Short Rant on the New Typepad Editor

I am getting used to the new Typepad editor, but two issues still really cause me to question the sanity of the developers, particularly since this roll out has been going on since June:

  • I cannot believe that a blogging engine -- not a generic text editor or HTML editor, but a purpose built blogging engine -- would eliminate the blockquote functionality from the editor.  Have these guys ever, you know, actually read a blog or two?  We bloggers live off block quotes.
  • How long has the computing spelling checking been around?  A couple of decades?  About 10 minutes into that 20 year span, developers learned from users that in addition to a "skip" button, they probably needed a "skip all" button.  Because if you write a 5000 word post on the banking crisis and use the "Bernanke" in that post 100 times, it is going to be real boring hitting "skip" 100 times in the spell check rather than "skip all" or even better "add to dictionary."  But, the rocket scientists at Typepad did indeed only put in a "skip" option, a bit like Ford building a car in which the windows won't roll down.

8 Comments

  1. T J Sawyer:

    Best yet, it is clear evidence that someone is writing a text editor from scratch. It has only been a bit over twenty years since Information Engineering, Object-Oriented Development and a bundle of other alleged innovations have promised us "reusable code". You will soon be able to pluck useful modules from libraries of code and embed them...

  2. SunSword:

    Welcome to the consequences of "outsourcing". Yes. The poor suckers that did this probably really DIDN'T have a grasp of 20 years of blogging. Because they just got jammed through some Indian techno-school, and as "freshers" are the cheapest meat on the market. So they got hired to do the work. They probably hard-coded items that should be variables, hard coded data structures rather than doing dynamic memory allocation so we will get to experience unexplained "crashes", and yes they didn't think through any consequences at all. But heck -- none of the folks that produced this build still work there -- programmers change jobs after every "job" or even heck every WEEK in India.
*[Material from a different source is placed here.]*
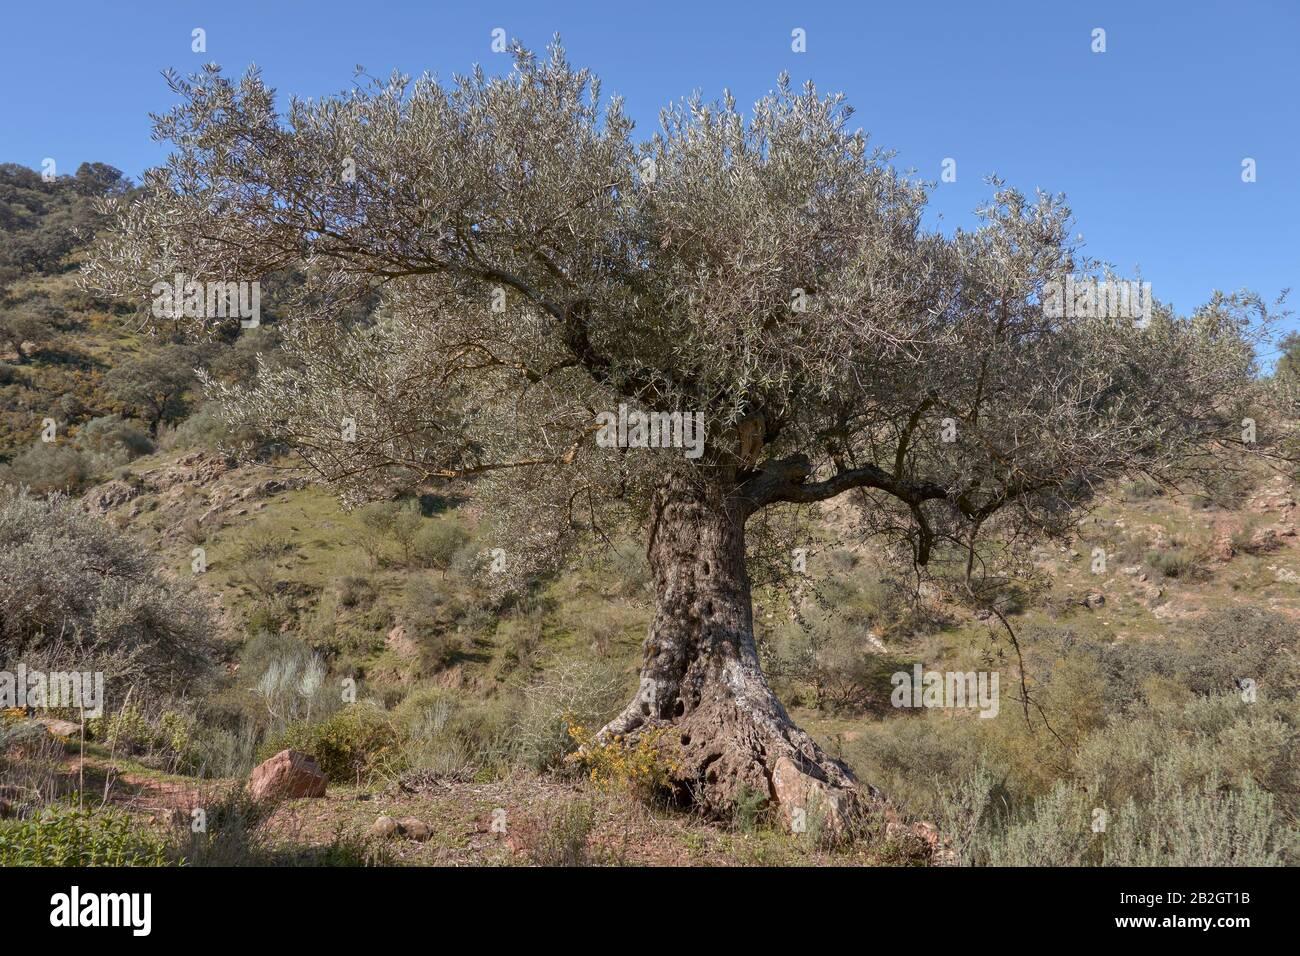 Centennial olive tree in Casabermeja, Malaga. Spain Stock Photo

    But hey. They are only $20/day.

  3. DrWeb:

    Agreed.. it's a lousy editor, and for me, it's broken most of my use of Quickpost - my primary method of posting. The editing to fix it so it matches my blog style - even with my CSS trying hard, is a nightmare. I add in blockquote, and it tries to fix how that works. I have to remove

    and

    from the editor "trying" to help.
    I don't know what to do, maybe change to another blog platform.

    Best,
    DrWeb

  4. John Moore:

    I used to use typepad. Converted to WordPress. In both cases, on my own web site (not a blogging service).

    I'm happy with WP. It gets the job done.

  5. Dave Halliday:

    I use Movable Type so not really familiar with Typepad.

    That being said, you might want to check out ieSpell

    http://www.iespell.com/

    You right click on any web form window and the option to spell check is there on the popup menu.

    Very fast, nice and free for personal use.

  6. Bob Smith:

    Google's (blogspot's) editor doesn't have blockquote either. I think they used to have it, because I remember using it.

  7. Hector Owen:

    Bob Smith, re blogger blockquote: It's the quote marks in the icon bar at the top of the edit window, between bulleted list and spellcheck. I use it all the time. Hope this helps.